Ursula Wolfe-Rocca: The Red Summer of 1919, Explained

Some of America’s most notorious racist riots happened 100 years ago this summer. Confronting a national epidemic of white mob violence, 1919 was a time when black people in the United States defended themselves, fought back, and demanded full citizenship through thousands of acts of courage, small and large, individual and collective.

But pull a standard U.S. history textbook off the shelf and you’re unlikely to find more than a paragraph on the 1919 riots. What you do find downplays both racism and black resistance while distorting facts in a dangerous “both sides” framing. These textbooks render students stupid about white supremacy and bereft of examples from those who defied it.

At this moment of revived racist backlash, all of us need to learn the lessons of 1919.

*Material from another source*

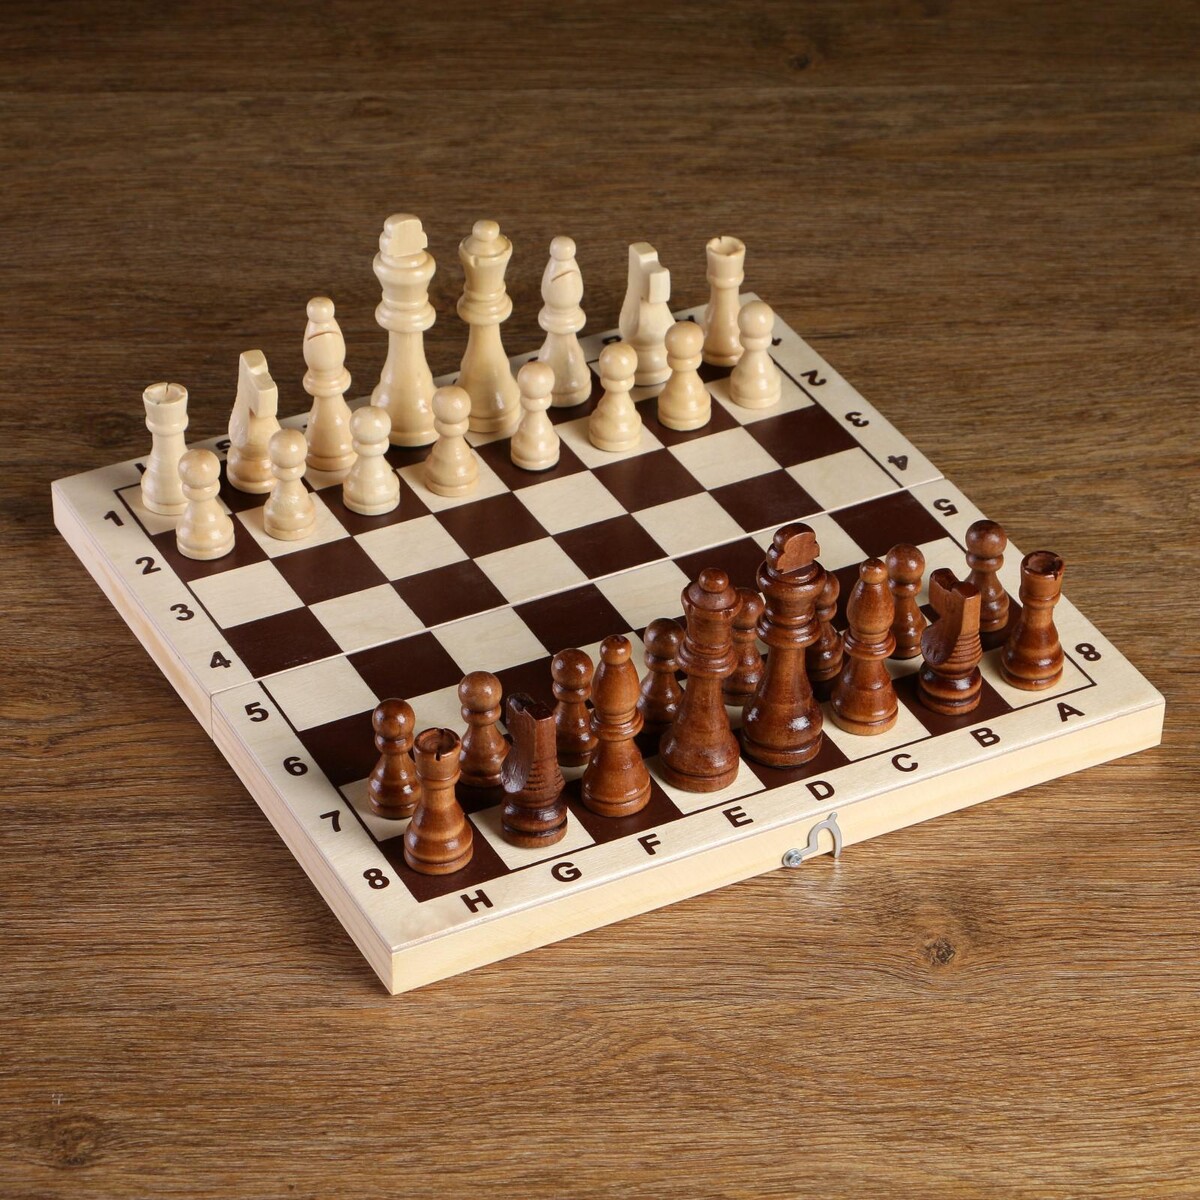 Шахматные фигуры, король h-8 см, пешка h-4 см титановый король

Throughout 1919 the exercise of black agency — black veterans wearing their military uniforms in public, black children swimming in the white section of Lake Michigan, black sharecroppers in Arkansas organizing for better wages and working conditions — was met with white mob terror. A wave of anti-black collective violence usually and problematically termed “race riots” occurred in Charleston, South Carolina; Longview, Texas; Bisbee, Arizona; Washington, D.C.; Chicago; Knoxville, Tennessee; Omaha, Nebraska; and Elaine, Arkansas. In addition, white supremacists lynched nearly 100 black people and initiated dozens of smaller racist clashes throughout the country in 1919. In Pittsburgh, the Klan made clear the goal of this bloody work in the printed notices posted around a black neighborhood: “The war is over, negroes. Stay in your place. If you don’t, we’ll put you there.”